Too bad it kinda looks like a dead bird lol I only layered the feathers so afterwords the feathers got shoved back in their bin. This is like less then 25% of all the feathers I have from her.


----------



## kfryman (Nov 7, 2011)

It looks so much like a dead bird lol. you could probably prank people if you are really mean XD

I love Rosie btw!


----------



## Sakura8 (May 12, 2011)

:shock: Wow. 

On the other hand . . . cat toy . . .


----------



## nel3 (May 29, 2011)

please forgive me if im making assumptions. id like to know if those were feathers your bird lost with time of if you bird has already passed away. i cant remember the names of the ppl here who have pet birds very well.

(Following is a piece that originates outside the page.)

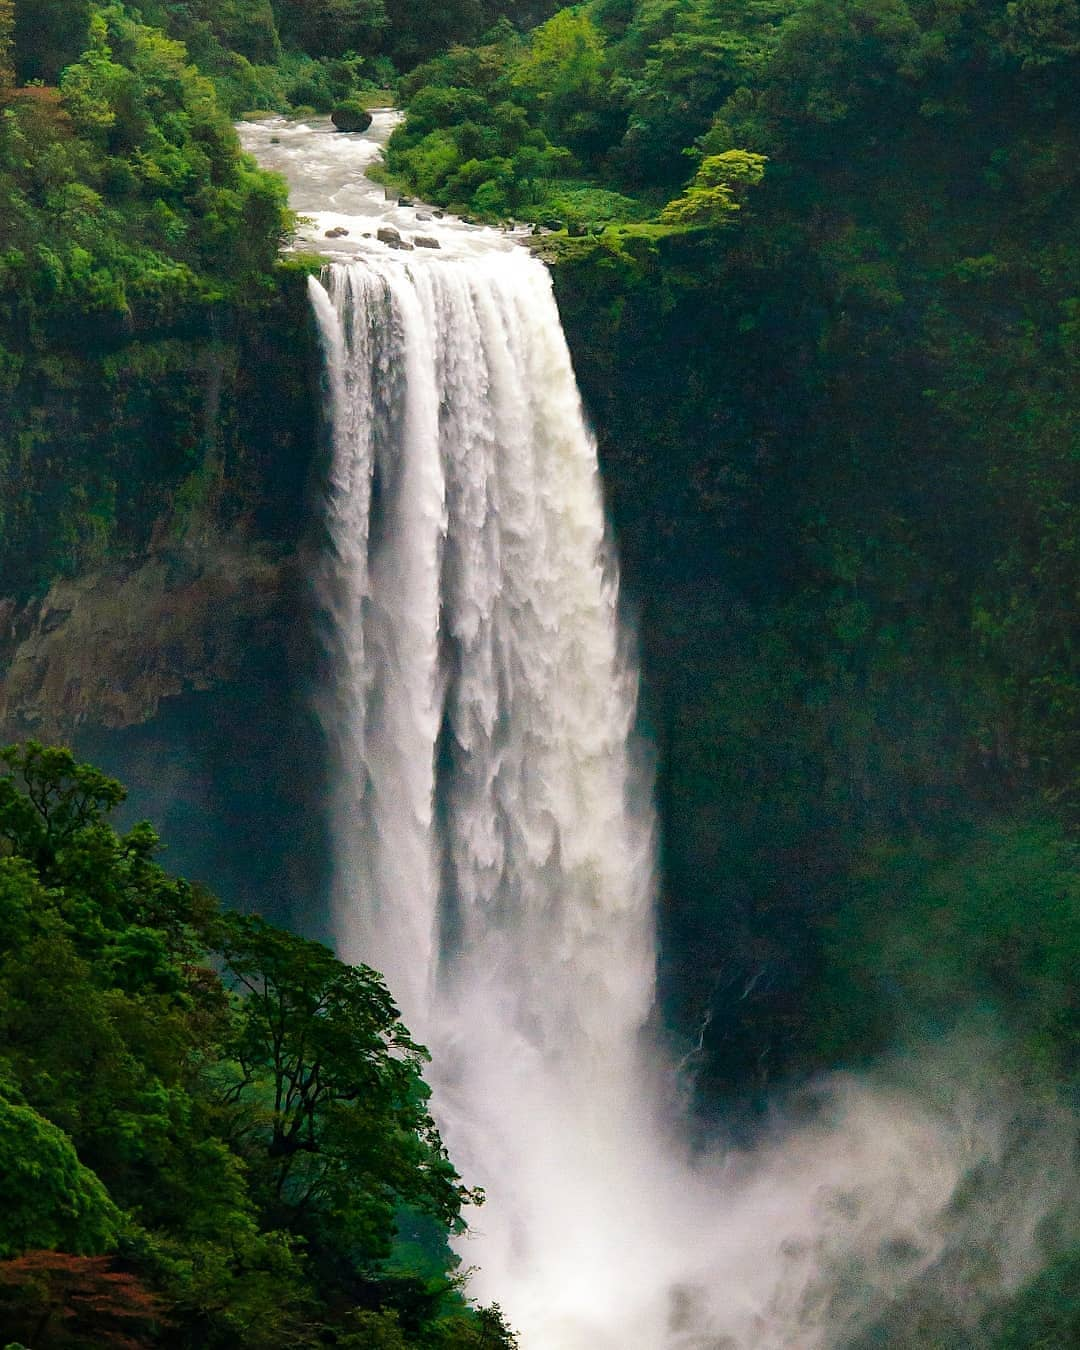 Tambdi Surla Waterfall

its well made and looks like it came right off the bird.


----------



## lvandert (Feb 23, 2012)

lol I have been wondering weather or not I should be keeping Spikes. I have no Idea what to do with them though lol. I do like it even if it does look like a dead bird


----------



## copperarabian (Apr 27, 2011)

lvandert said:


> lol I have been wondering weather or not I should be keeping Spikes. I have no Idea what to do with them though lol. I do like it even if it does look like a dead bird


My friend who has 2 cockatiels keeps all the tail, primary feathers, and sometimes crest feathers. Their body feathers are so tiny it can be hard to save them lol. I keep Rosie's feathers in a small lafeber's bin and I plan to eventually sell some, make jewelry, and make a fan once I have a full set of her molted tail. I'm excited about the fan, I'll be able to compare how off colored her feathers are with her new pretty feathers 



nel3 said:


> please forgive me if im making assumptions. id like to know if those were feathers your bird lost with time of if you bird has already passed away. i cant remember the names of the ppl here who have pet birds very well.
> 
> its well made and looks like it came right off the bird.

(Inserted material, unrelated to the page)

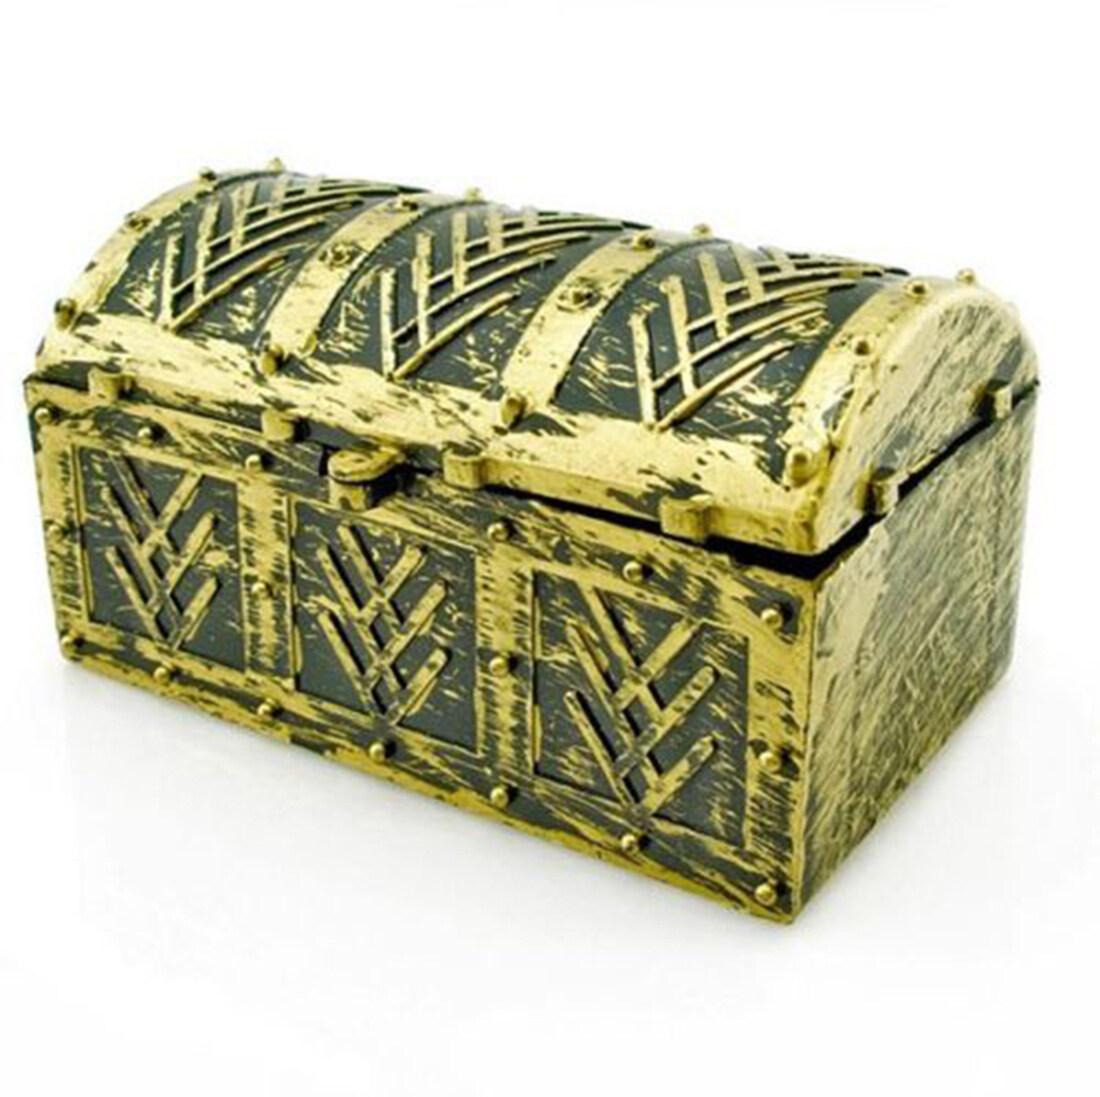 jetting buy halloween pirate treasure chest toy 4pcs lazada malaysia

They are all naturally molted feathers, Once when Rosie was going through a molt she lost 38 feathers in one day


----------



## lvandert (Feb 23, 2012)

Oh yeah Spike as has some serious feather losses in one day. Heck in one good bout of scratching she lost 7.


----------



## nel3 (May 29, 2011)

copperarabian said:


> They are all naturally molted feathers, Once when Rosie was going through a molt she lost 38 feathers in one day


thank you for clarifying Copperarabian. it makes perfect sense. 38 feathers is a good amount of feathers to molt in such a short time. if i had a bird, id probably think of something similar.


----------



## copperarabian (Apr 27, 2011)

nel3 said:


> thank you for clarifying Copperarabian. it makes perfect sense. 38 feathers is a good amount of feathers to molt in such a short time. if i had a bird, id probably think of something similar.


It is, lol usually 5-10 is a more common number and when she's not molting it's a random stray feather on occasion.


----------



## Sakura8 (May 12, 2011)

Rosie's feathers are so beautiful. I love my collection.


----------